How do you feel about insects? More specifically, how do you feel about cockroaches? We have an innate repulsion toward these little critters. It developed naturally over thousands of years. And for a good reason too. The movie we’re going to talk about today takes advantage of that repulsion. Mimic is an atmospheric science fiction horror about giant humanoid cockroaches roaming the subway tunnels under New York. It’s coming to us from none other than Guillermo del Toro, director of such classics as Hellboy, Pan’s Labyrinth and The Devil’s Backbone. He expanded Donald A. Wollheim’s short story of the same name, creating a brooding creature feature.
Guillermo constantly clashed with the Weinstein brothers who wanted the movie to be more commercial. They wanted a straight-up horror movie without any of the elements that make up a classic del Toro horror movie. This is why I highly recommend you check out the Director’s Cut of this movie and not the theatrical Weinstein version. This is something Weinsteins did often without any regard for the director’s artistic vision. In fact, James Cameron almost hit Harvey Weinstein in the head with the Oscar he just won because of how he treated his friend Guillermo.

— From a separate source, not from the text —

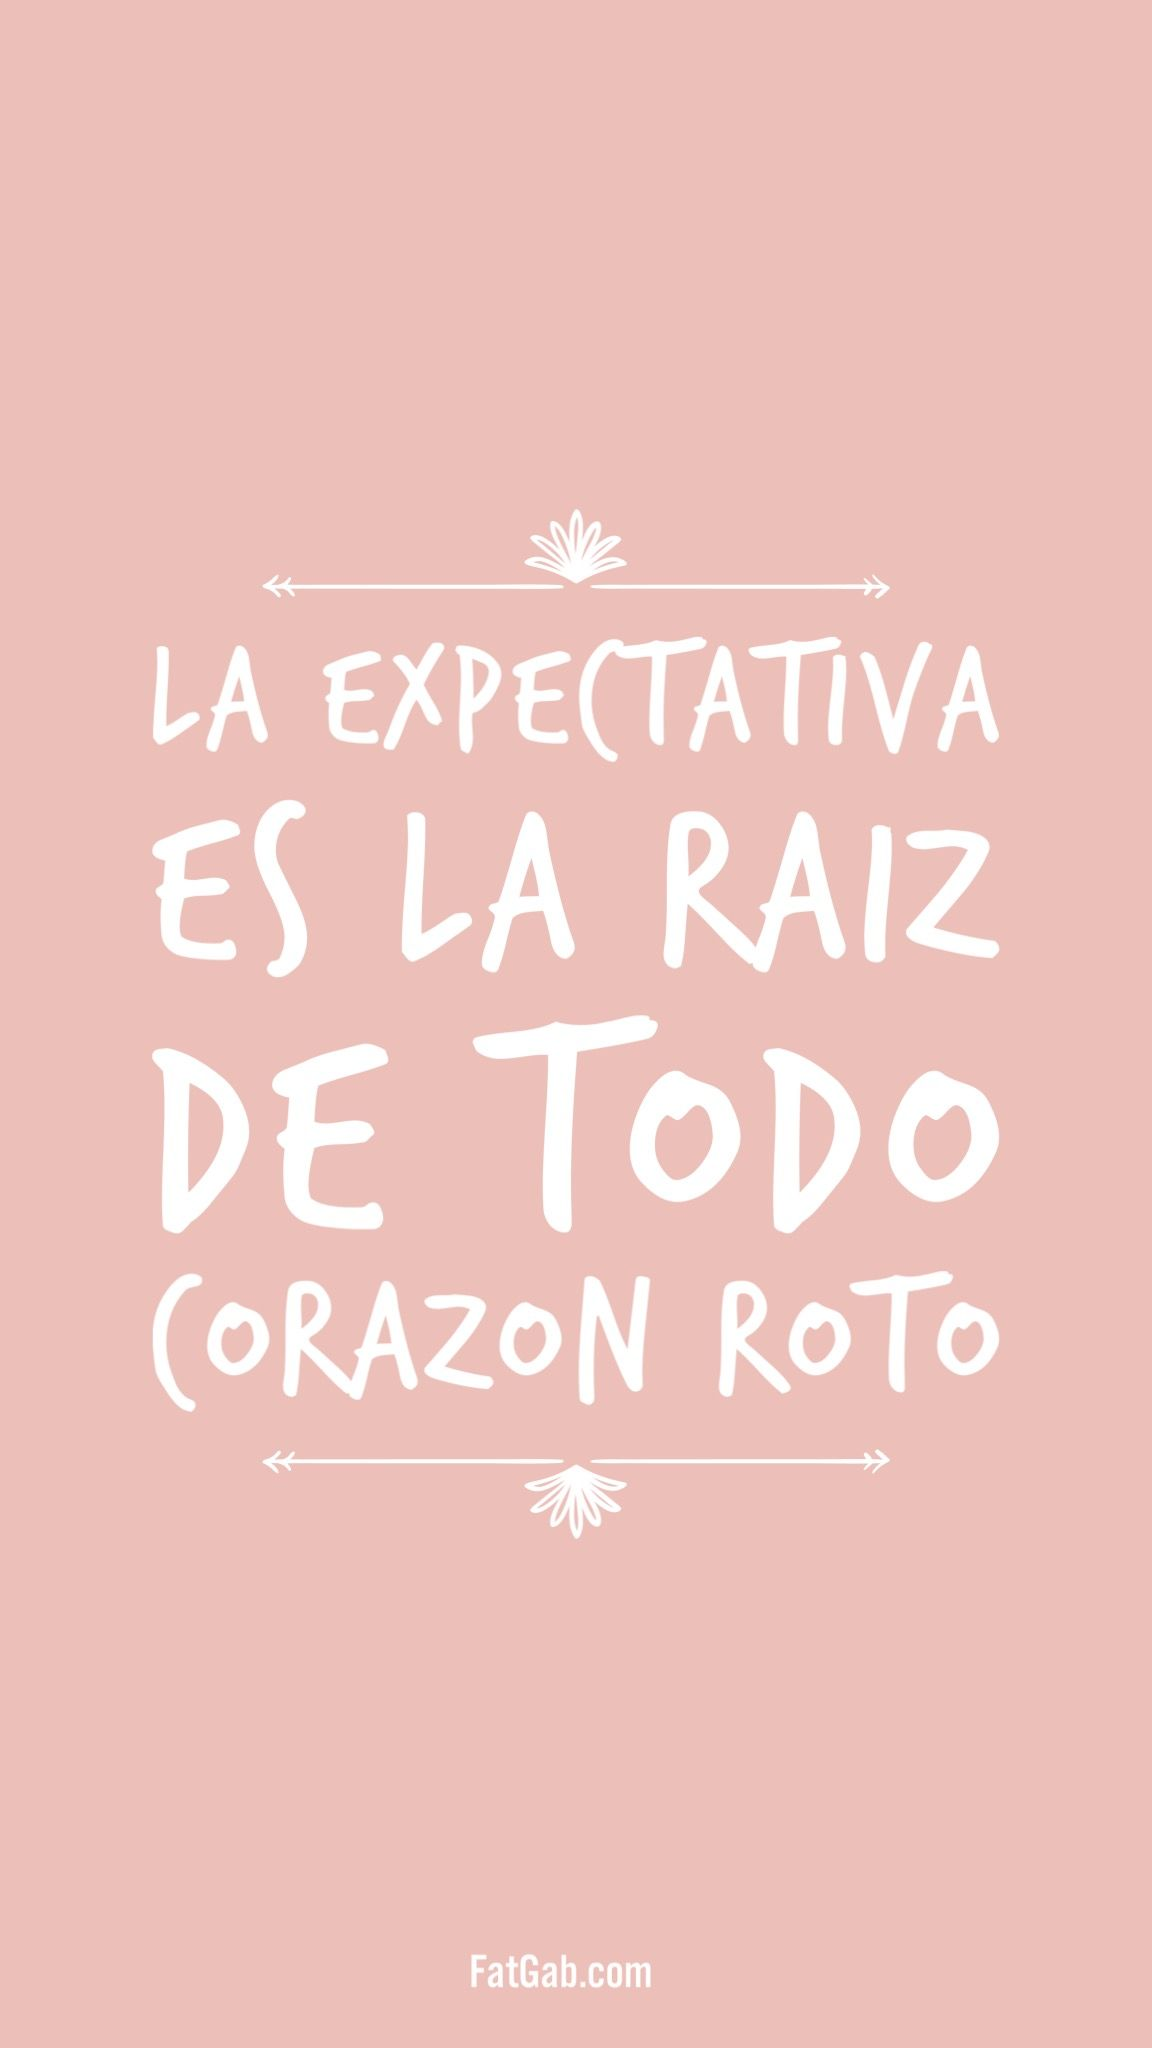 La Expectativa Es Corazon Roto Frases Amor Decepcion Tristeza Quotes

Moving on, the special effects along with the practical ones stood the test of time and Mimic looks great after more than 25 years. The setting couldn’t have been better as dark and damp tunnels create a highly claustrophobic environment. An environment that’s not suited to humans at all but perfectly suited for vicious bugs. After all, name a better duo than New York and cockroaches. Speaking of which, did you know that Mimic is ranked number two on our list of Best Movies About Cockroaches? To find out what movie is the winner, you’ll have to check out that list.
It’s been three years since entomologist Dr. Susan Tyler saved the world from the horrific Strickler’s disease. Targeting children and spreading via cockroaches, it caused so much pain and suffering. Susan manipulated the genes of cockroaches effectively forcing them to starve to death and stop the spread of the disease. However, after three years it appears that something emerged from the dark New York underground that’s not a new disease. It’s not a new disease but a new lifeform…

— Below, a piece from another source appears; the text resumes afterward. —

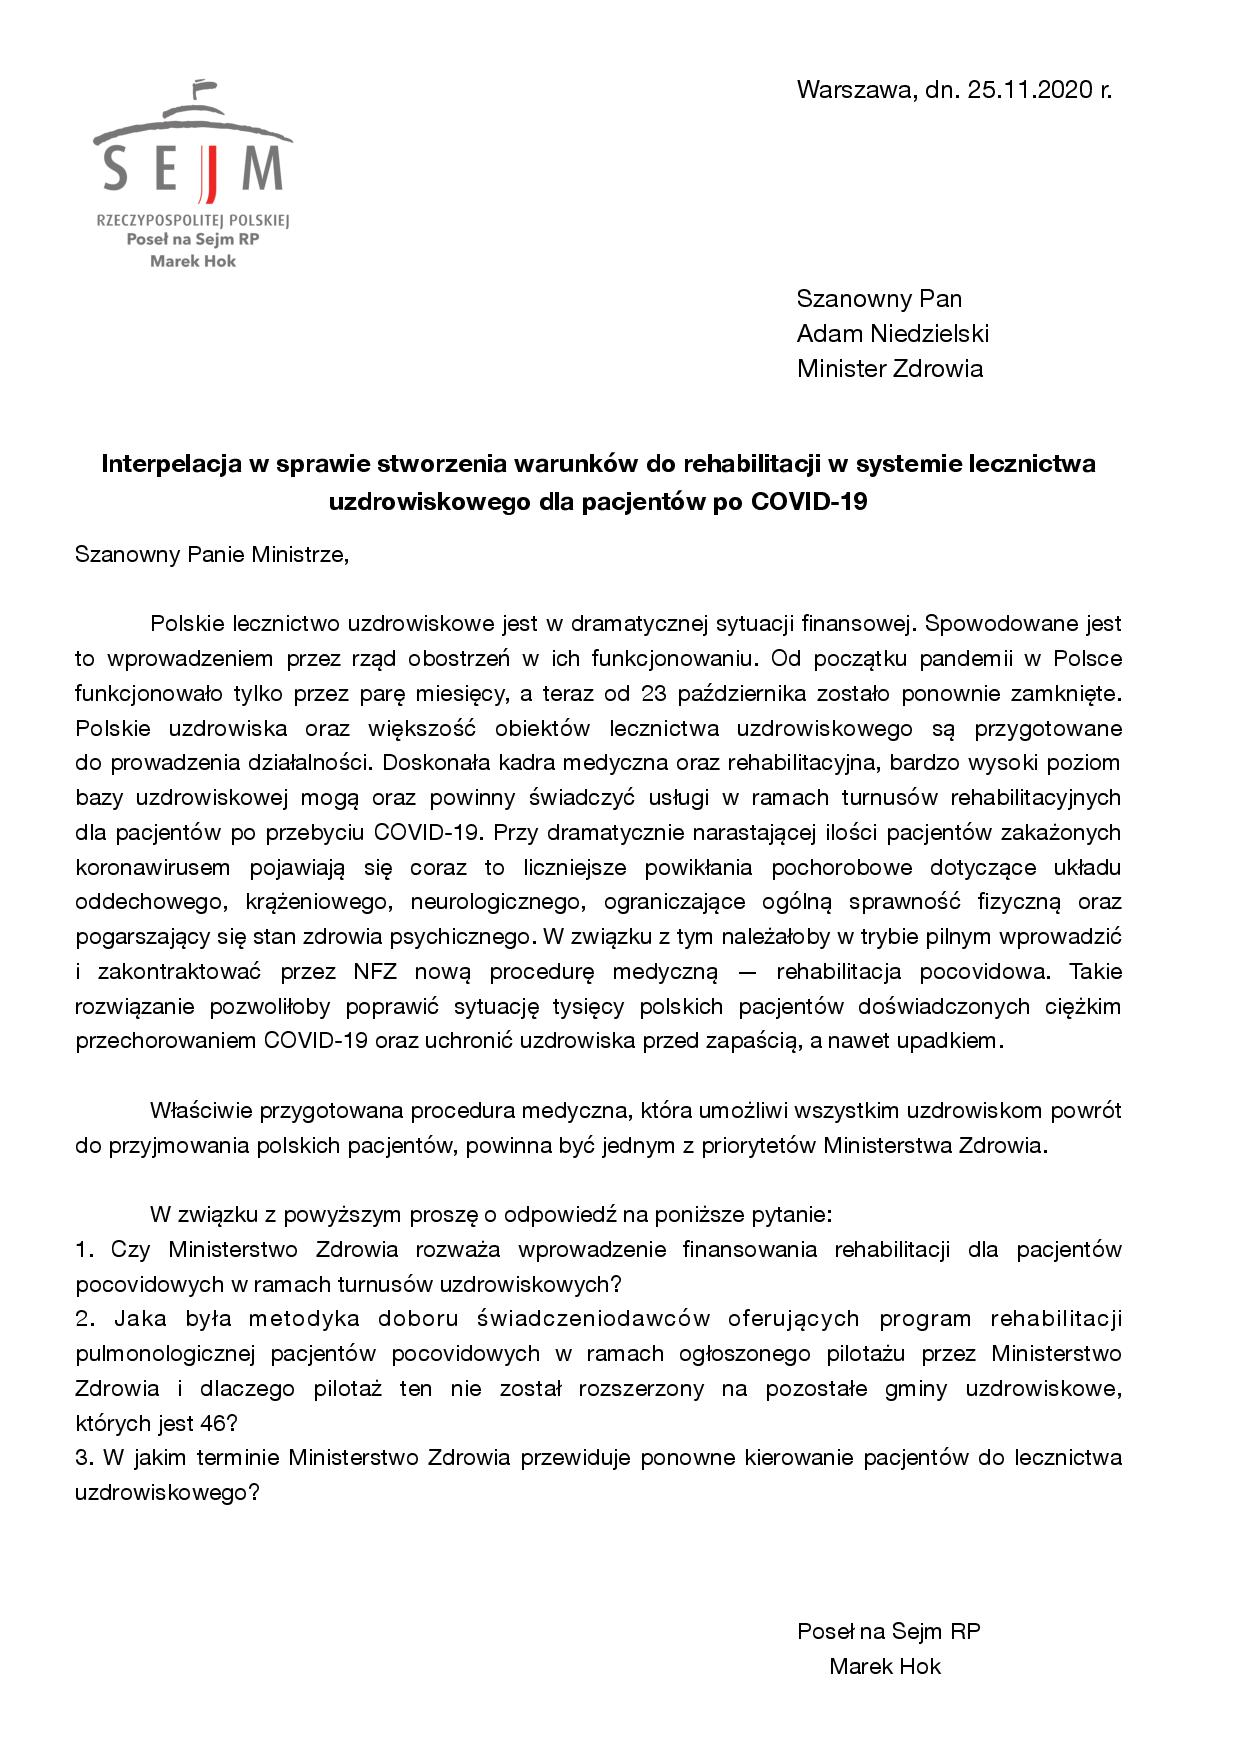 2Interpelacja rehabilitacja COVID 19 page 001

Apart from classic del Toro themes, there’s a strong Lovecraftian current underneath the story. Scientists messing with nature, experimenting, and doing something they shouldn’t be doing. Mimic also quickly arrives at the main location. In under ten minutes, we have our main protagonists and antagonists revealed. Moreover, the antagonists start eating people just two minutes later. You could argue that the movie draws a lot of inspiration from the Alien franchise. However, I think there are enough original elements not to think that although we do have Charles S. Dutton (Alien 3).

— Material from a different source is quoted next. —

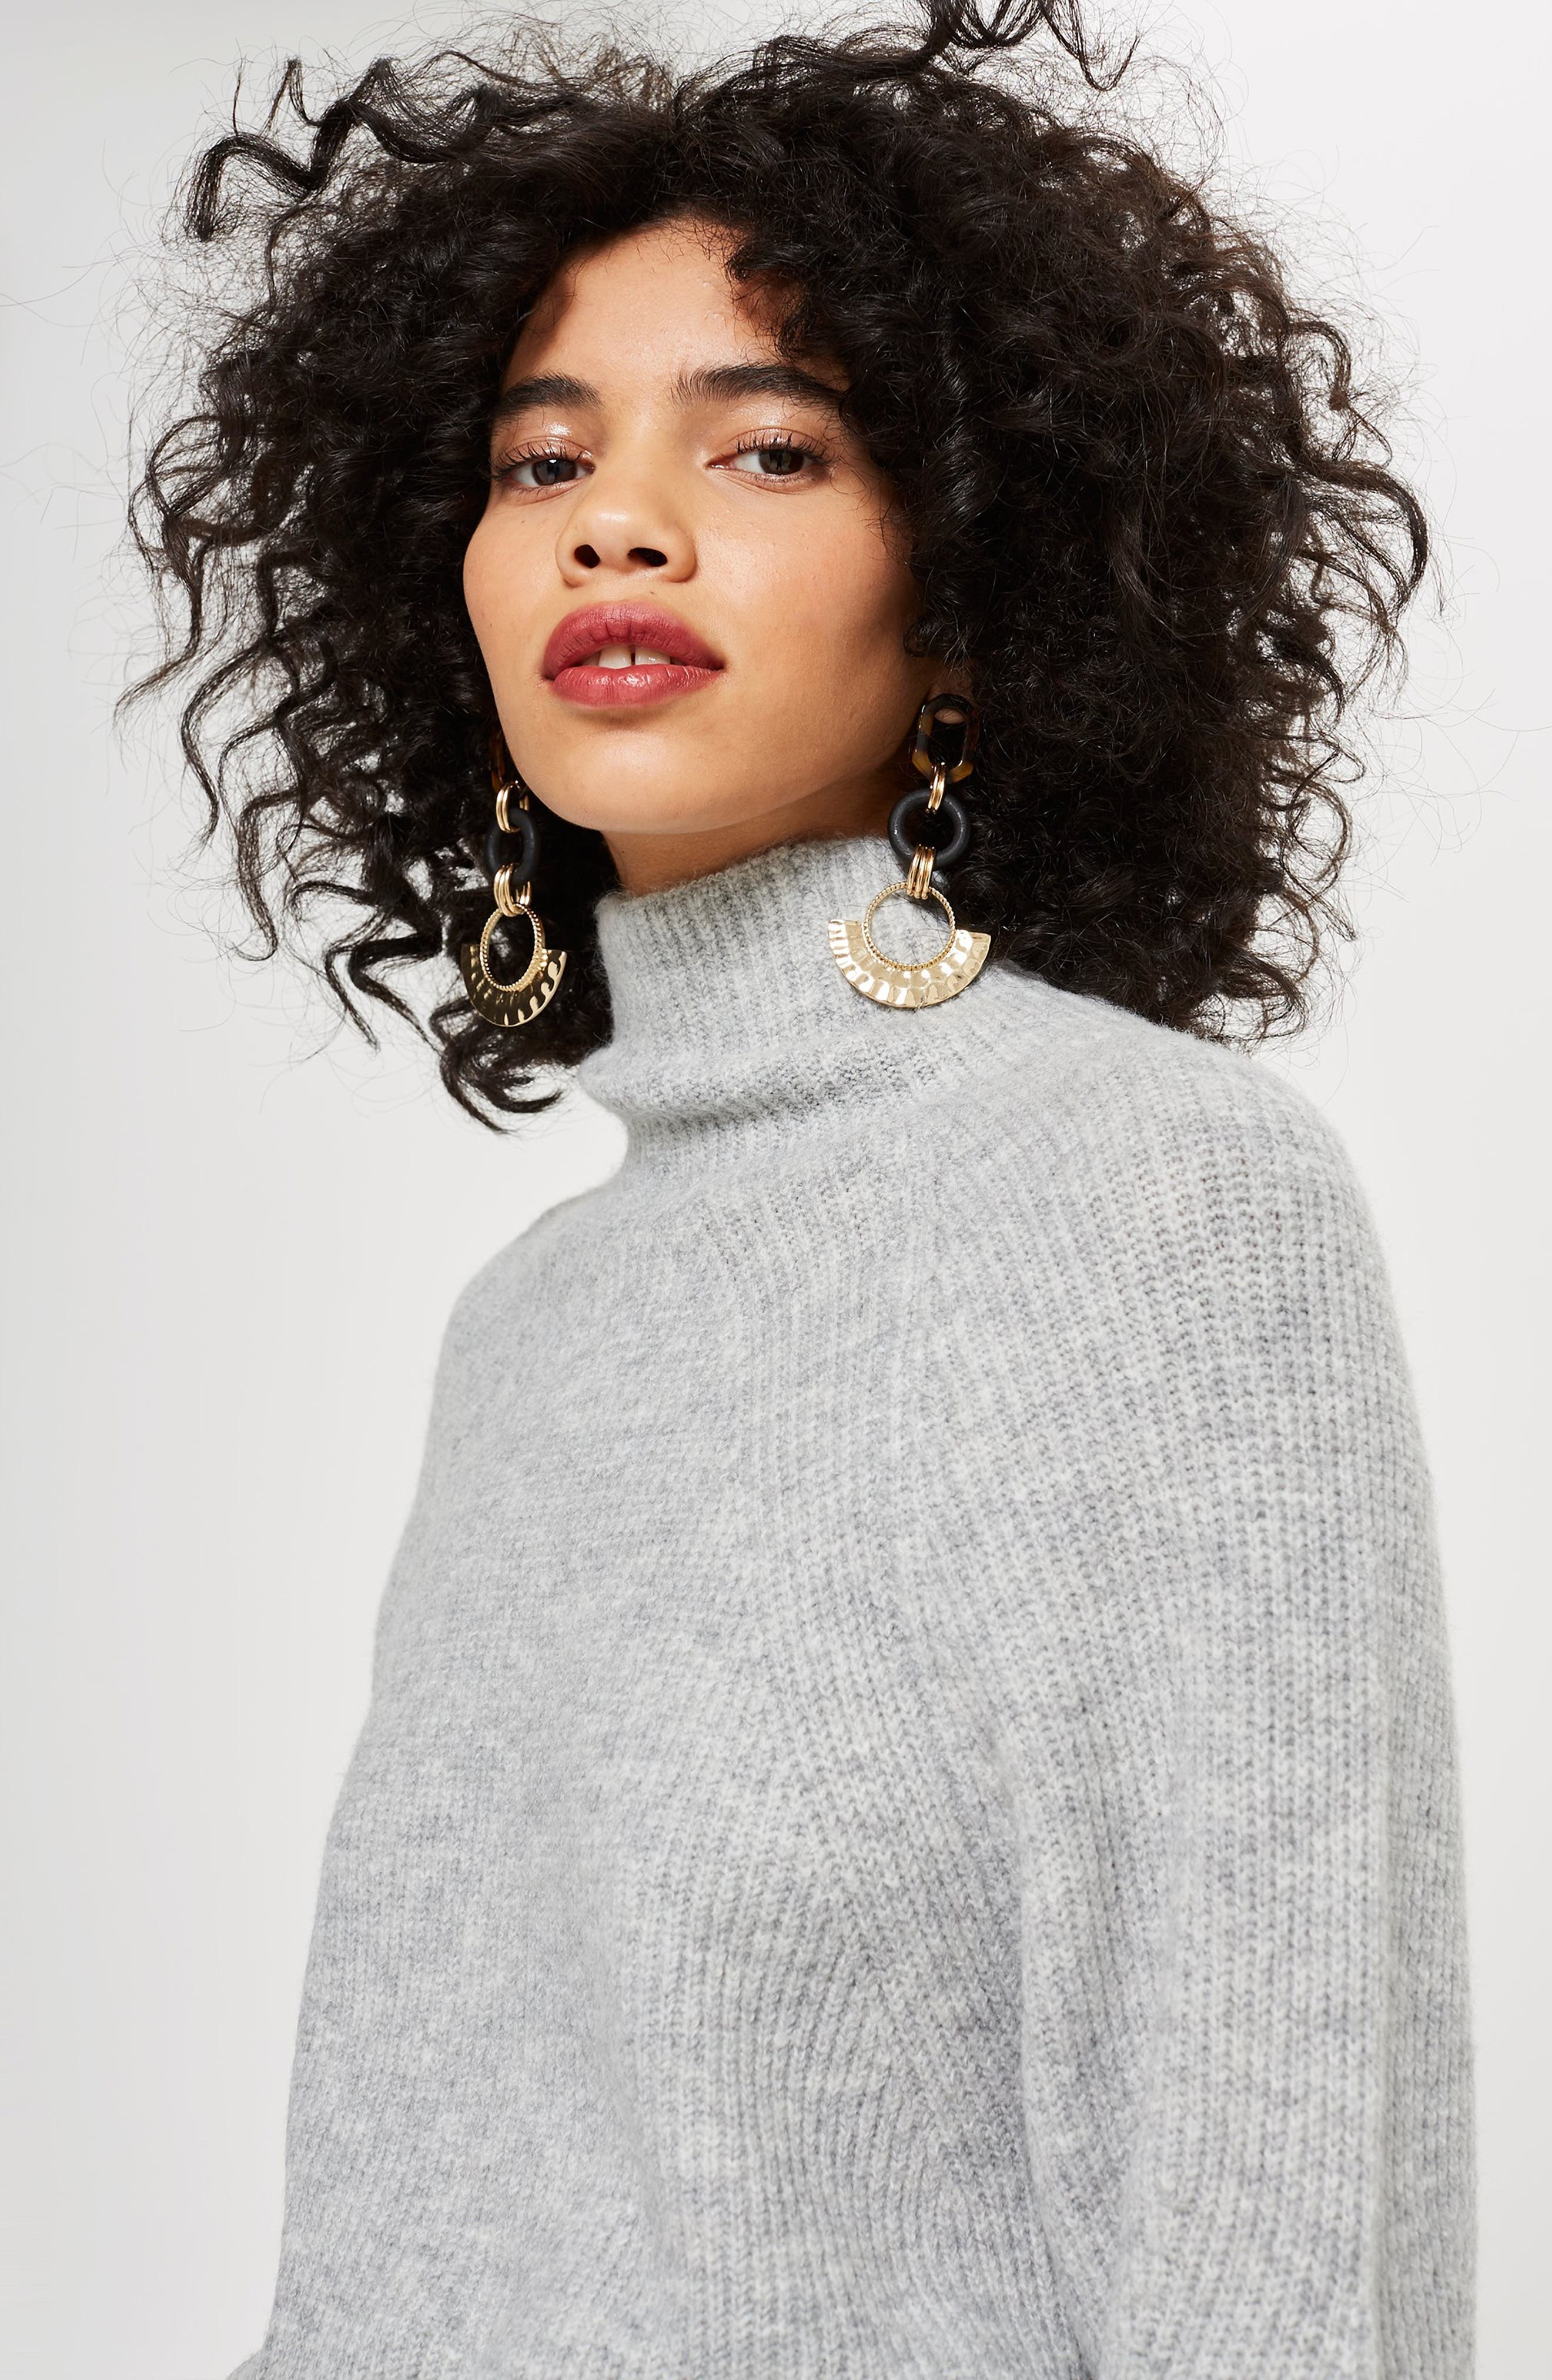 Raglan Turtleneck Neck Sweater,                             Alternate thumbnail 4, color,                             GREY MARL

As in any del Toro movie, the cast did a terrific job, this time led by Mira Sorvino and Jeremy Northam. The two of them apparently could not stand each other on the set but at least that didn’t affect their performances. We also have Josh Brolin, F. Murray Abraham, and Norman Reedus. Mimic was actually Norman’s Hollywood debut. As this is basically a B movie but with an A execution, it’s only logical it’s got a couple of sequels. They’re watchable but inferior and forgettable when compared to the original. Finally, if you’re looking for movies like Mimic I recommend another nineties horror science fiction classic The Species.
Director: Guillermo del Toro
Writers: Donald A. Wollheim, Matthew Robbins, Guillermo del Toro
Cast: Mira Sorvino, Jeremy Northam, Josh Brolin, F. Murray Abraham, Charles S. Dutton
Fun Facts: Mimic was originally supposed to be a thirty minute short before being developed into a feature movie just like Imposter four years later.